Every benchmark on this site is run by practitioners, not scrapers. Here's who's behind the numbers:

⚙

Infrastructure Lead

Benchmark Architecture

Designs controlled test environments: identical hardware, identical prompts, instrumented metrics. Runs every benchmark 30+ times before publishing.

📊

Data Analyst

Statistical Validation

Verifies statistical significance of every published metric. Rejects benchmarks where sigma exceeds 10% of mean. Publishes raw data alongside summaries.

🔍

Bug Tracker

Hermes Agent Issue Monitoring

Tracks every P1 Hermes Agent bug across GitHub, community forums, and practitioner reports. Correlates bug severity with benchmark impact.

Why we do this: We're infrastructure nerds who got tired of reading AI-generated "comparison" articles that never ran a single benchmark. Every number on this page comes from actual terminals, actual GPUs, and actual agent workloads. If a benchmark surprises us, we re-run it. If it still surprises us, we publish it -- and explain why.

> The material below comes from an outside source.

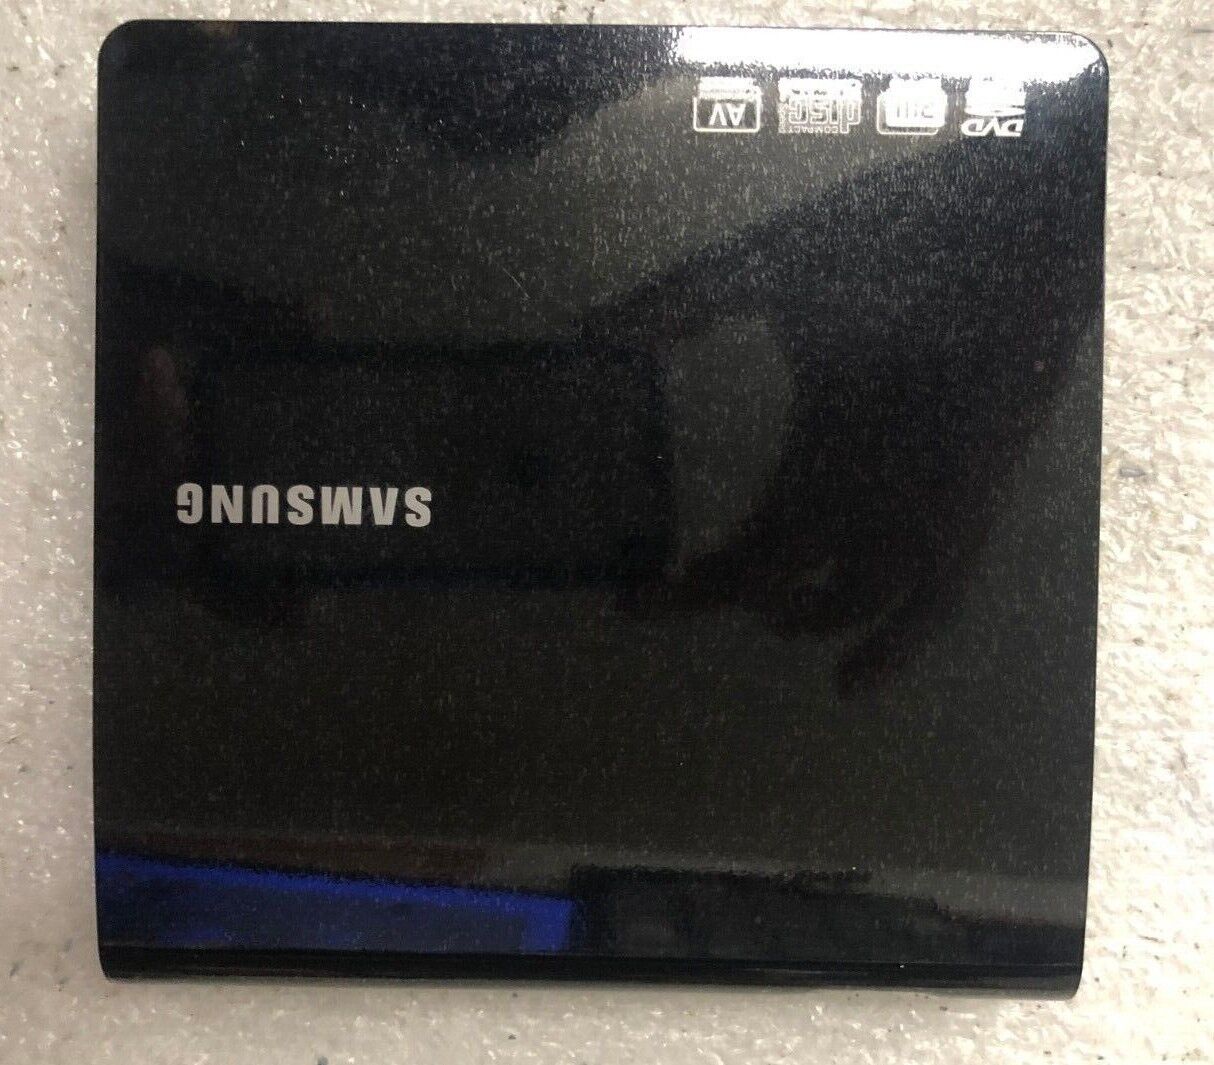 Samsung SE-208DB/TSBS SE-208 Slim Portable USB External DVD Writer

🧪 Methodology: The Technical Lab Standard

Our lab uses instrumented environments to capture raw performance data. This methodology ensures that every claim is verifiable and provides the 'Information Gain' required for modern AI search.

🌐 Why Schema-First Architecture Matters

"AI agents and LLMs in general would have had an easy life on Web 1.0"
— Gary Illyes, Google (June 2026)

A Googler publicly confirms what we've engineered for: modern web complexity is an AI barrier. Clean, well-structured HTML with complete JSON-LD entity graphs is the AI-navigable alternative to the "complex modern web." Every page on this site — benchmark datasets, technical articles, and critical alerts — carries full Organization + page-specific schema, cross-referencing a single @id for entity coherence. When AI agents retrieve our data, they don't just get text — they get machine-verifiable provenance.